TRY IT
Every line of the data below is to be duplicated exactly, pictures excepted.

COLLECTED DATA
*** Block opens ***
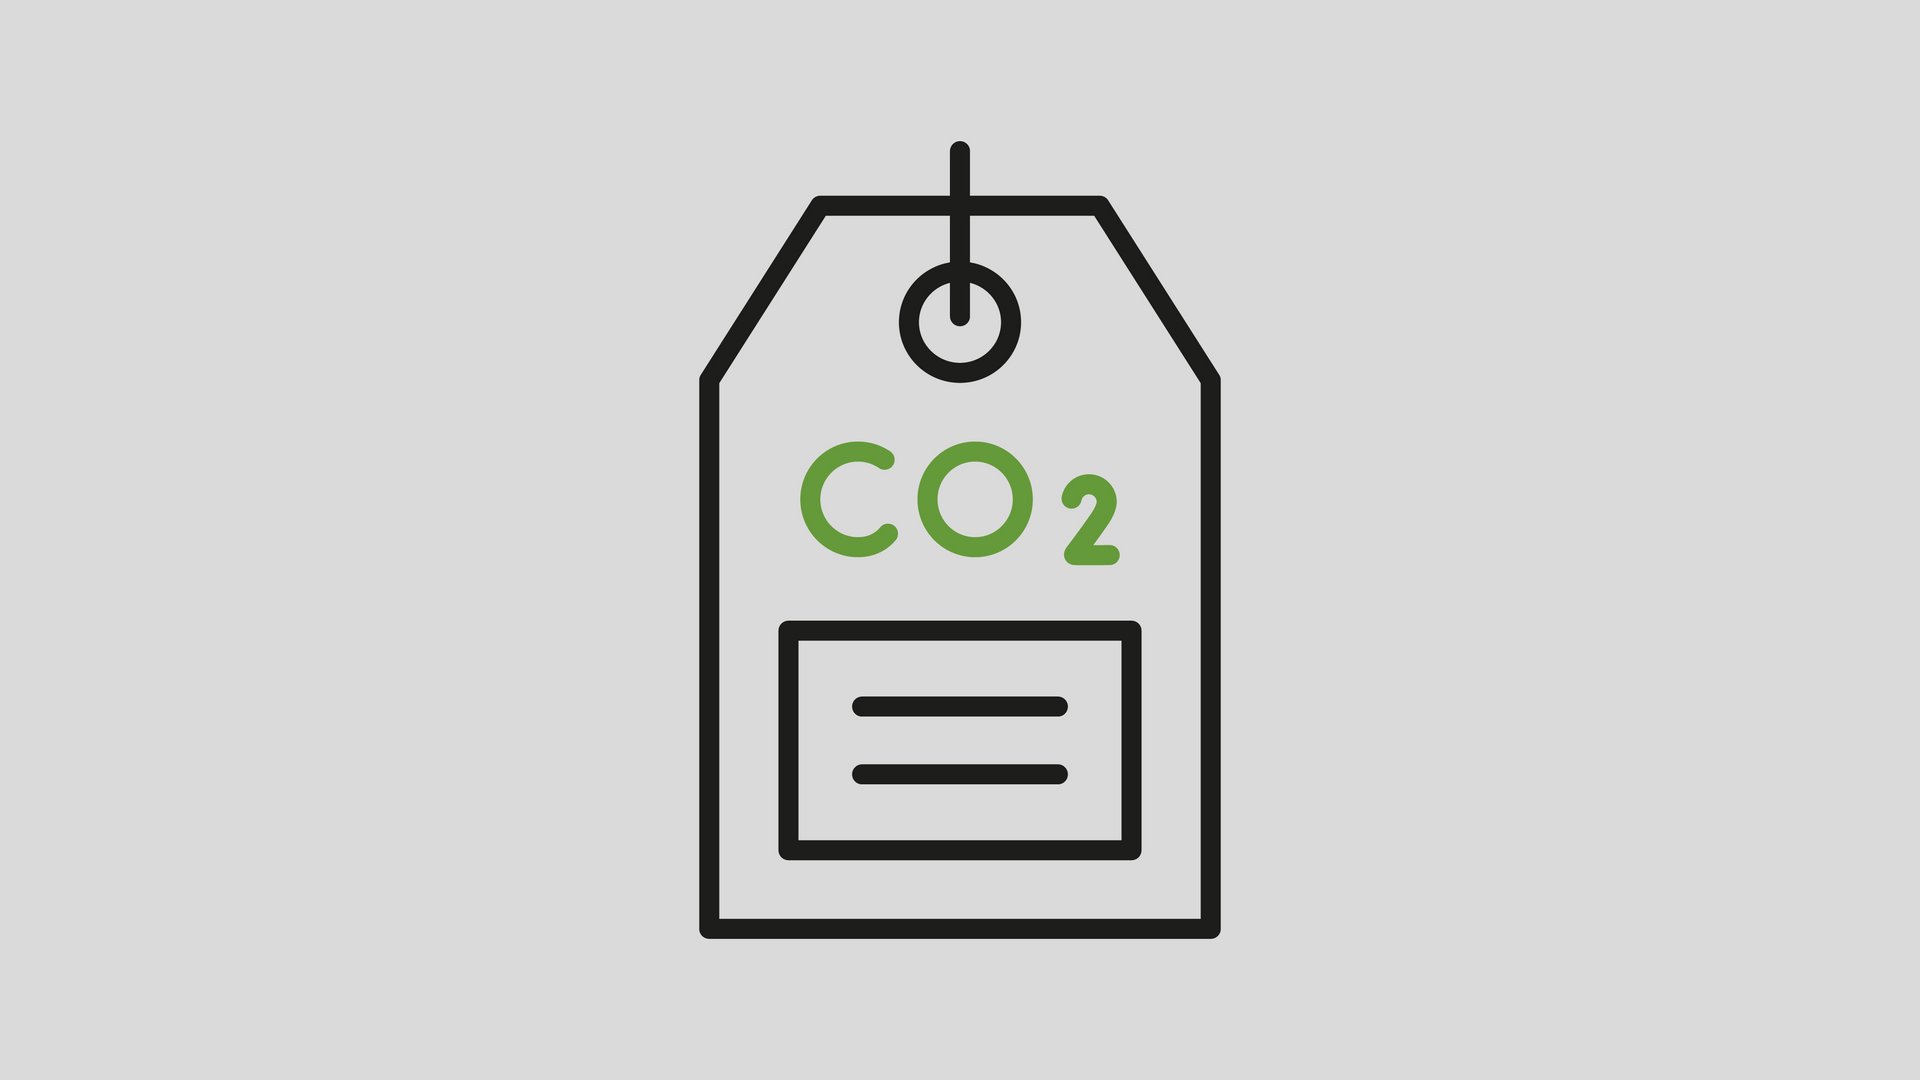 Preisschild für CO2
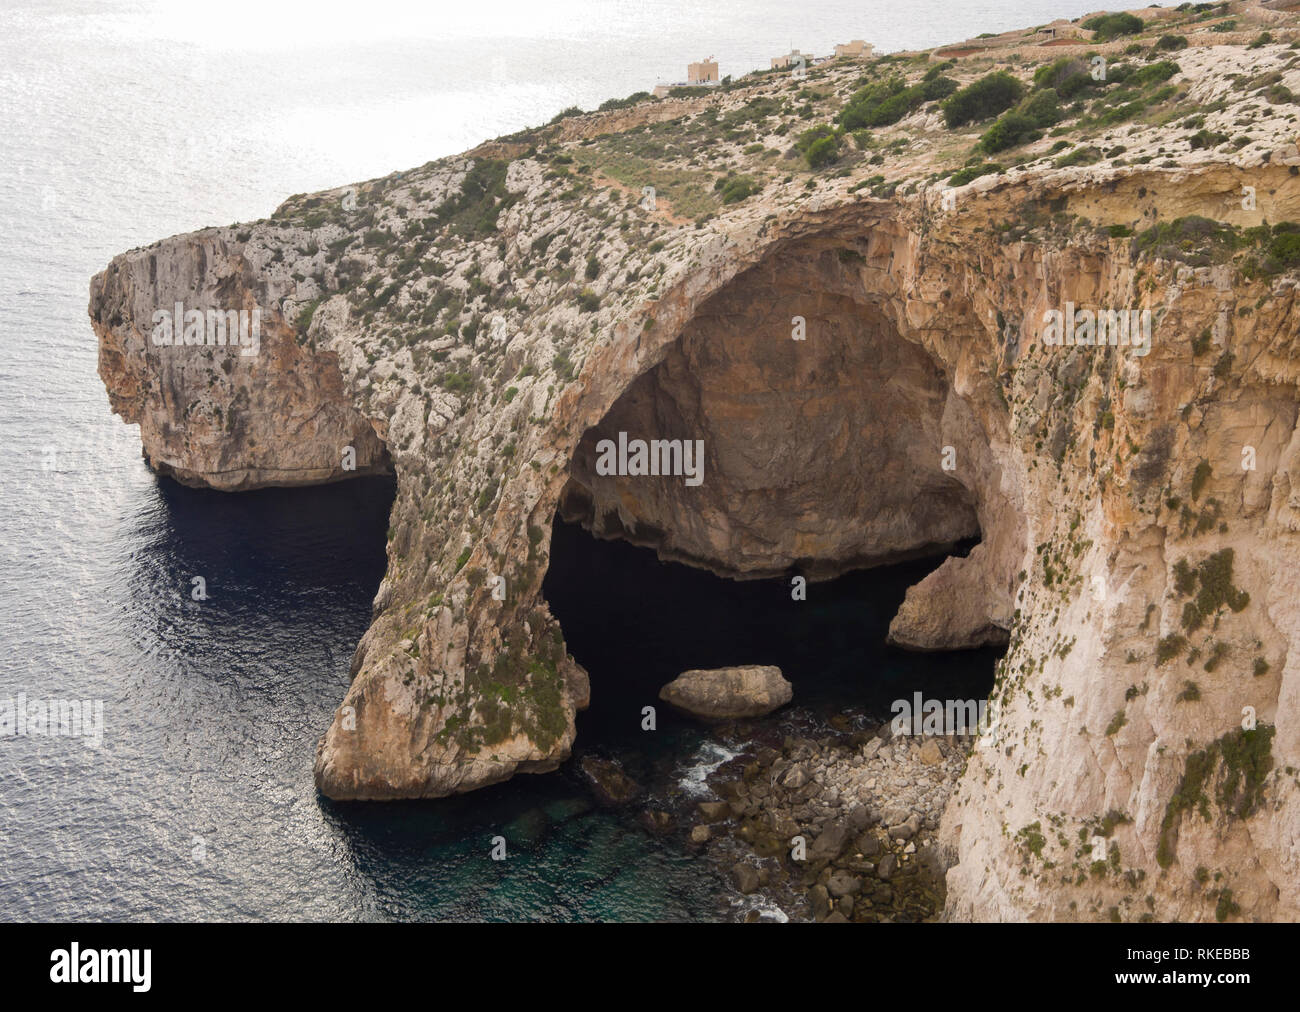 La escarpada costa de Malta, aquí visto desde el punto de vista de la gruta azul Foto de stock
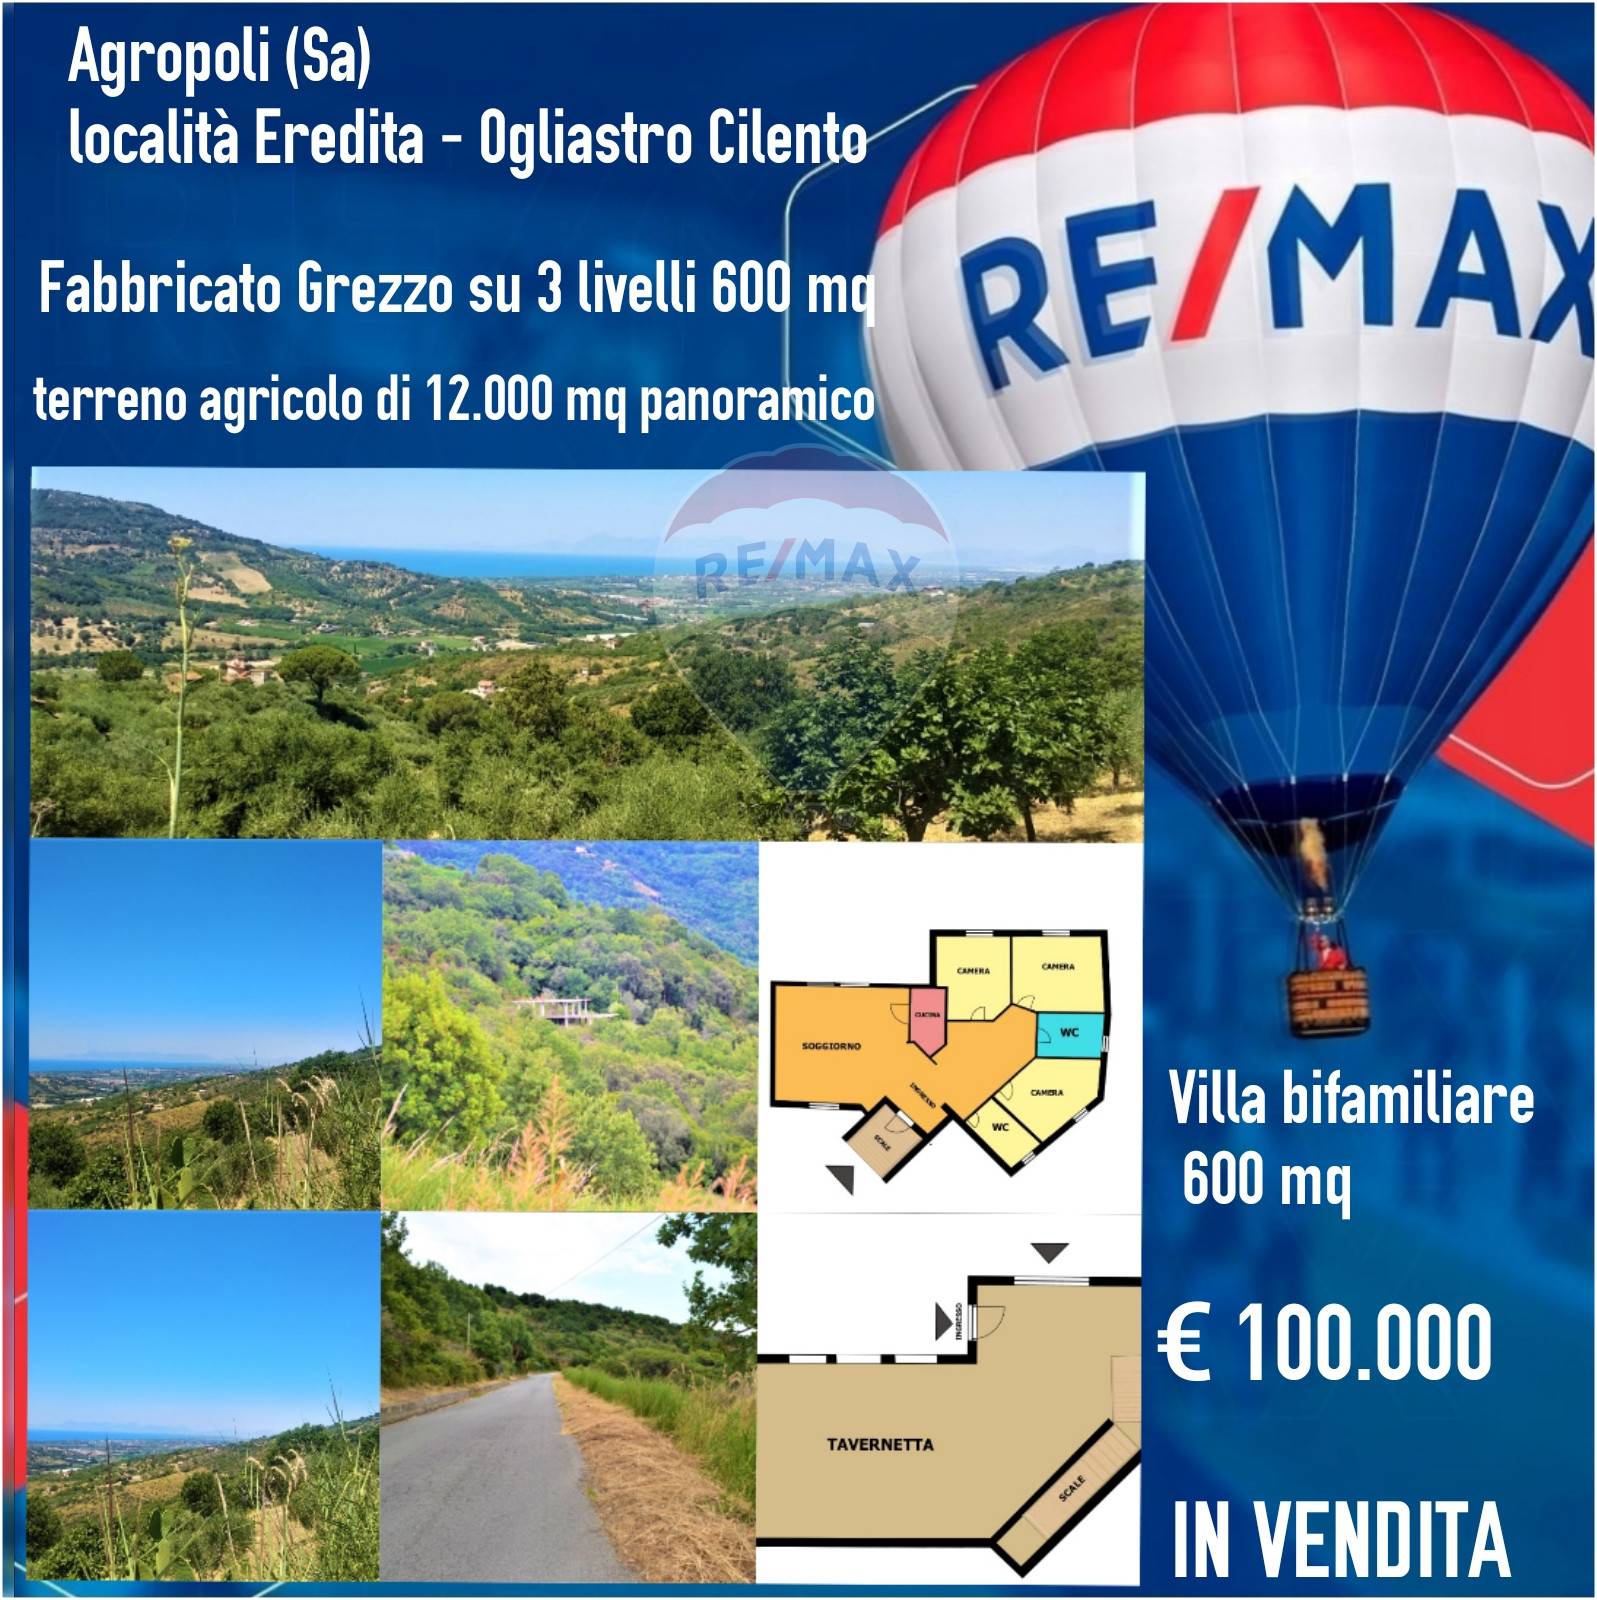 Villa Bifamiliare in vendita a Agropoli, 8 locali, prezzo € 100.000 | CambioCasa.it
*** Block closes ***
WRITTEN SOLUTION
 Preisschild für CO2
 La escarpada costa de Malta, aquí visto desde el punto de vista de la gruta azul Foto de stock
 Villa Bifamiliare in vendita a Agropoli, 8 locali, prezzo € 100.000 | CambioCasa.it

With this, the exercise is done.